Not all DB's store their data on the OS's filesystem. Some directly manage their own disk space. Some let you choose between the two. (For example, DB2 referes to the former as 'system managed' and the latter as 'database managed'.) You could call a database managed partition a specialized filesystem -- but even so, it's specialized for a reason.
Even when databases are using the filesystem, they use it in far clever-er ways than what this story describes. Most notably, they don't try to leverage the directory structure as their indexing scheme (which is the big WTF here).
Admin
You would do better to wrap this in [<moron>] tags.
Admin
Admin
i can just imagine that someone who would create such a terrible system would probably do some other stupid things along the way, like setting the account balance to be unsigned or something - now THERE would be some fun:
"Hey man, can you print me out a copy of this?"
"Ok, but i think i'm running low on credit..."
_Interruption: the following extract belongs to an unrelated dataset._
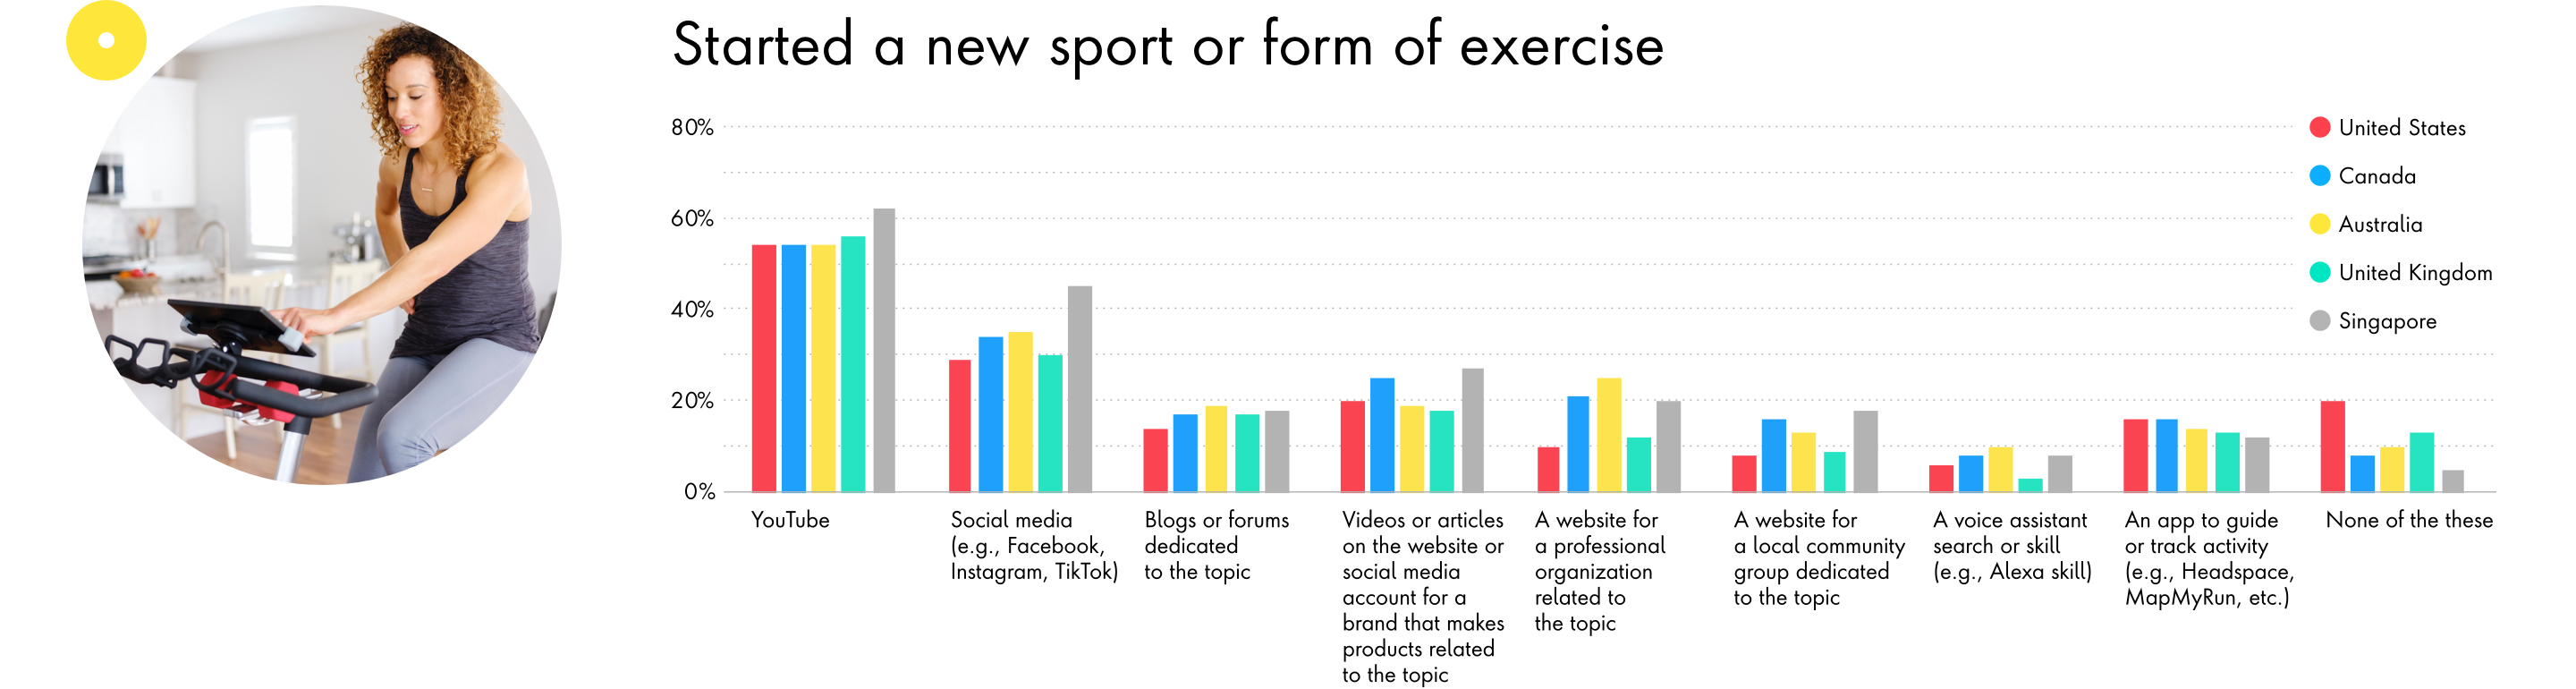 Chart: Started a new sport or form of exercise

<takes account to below 0>
Account Balance: $4,294,967,295.90
Admin
The real WTF is ignoring the obvious solution, which has been included with every Windows release since 95.
Why create all these little files when you can just store everything in the Registry?
Admin
Yes, and they would NEVER THINK to accidentally credit their own account... Or their friends. Or lock someone out of the building as a joke. Or... [:D]
Admin
What's "hexidecimal"? Seriously, I've heard of "hexadecimal", but this must be sumthing new...
Admin
I was merely referring to a previous post
I'm sure you'll love it ;)
Pardon me for not spelling HEXADECIMAL correctly
Admin
Admin
Admin
That's twisted and evil... and what's more, it's probably already been done by someone.
Admin
That would greatly simplify their need to copy all the files around to the node servers. Instead, they could pass around a .reg file to import on each and every node server to update for changes...
Admin
man join
and you may be interested that there is a file system based OS, it is called plan9 : http://plan9.bell-labs.com/plan9
Built by the originators of Unix with one of the premises being :
<font size="-1">"We have persistent objects, they're called files." - Ken Thompson</font>
Admin
I don't see anything particularly wrong with this approach. There are actually several advantages, which are roughly the same as the advantages of using the Maildir format for mailboxes. The problem is that there are too many files in a directory, so you get crappy performance, but you can get around that easily enough (at least on Linux) by using a filesystem that is designed to handle large directories, such as XFS or Reiserfs.
Admin
Have you ever tried directory services? LDAP servers are a lot like hierarchical filesystems, but they support querying, transactions, listeners, etc. Their perfomance is up to par with relational databases since most use a relational database as a backend.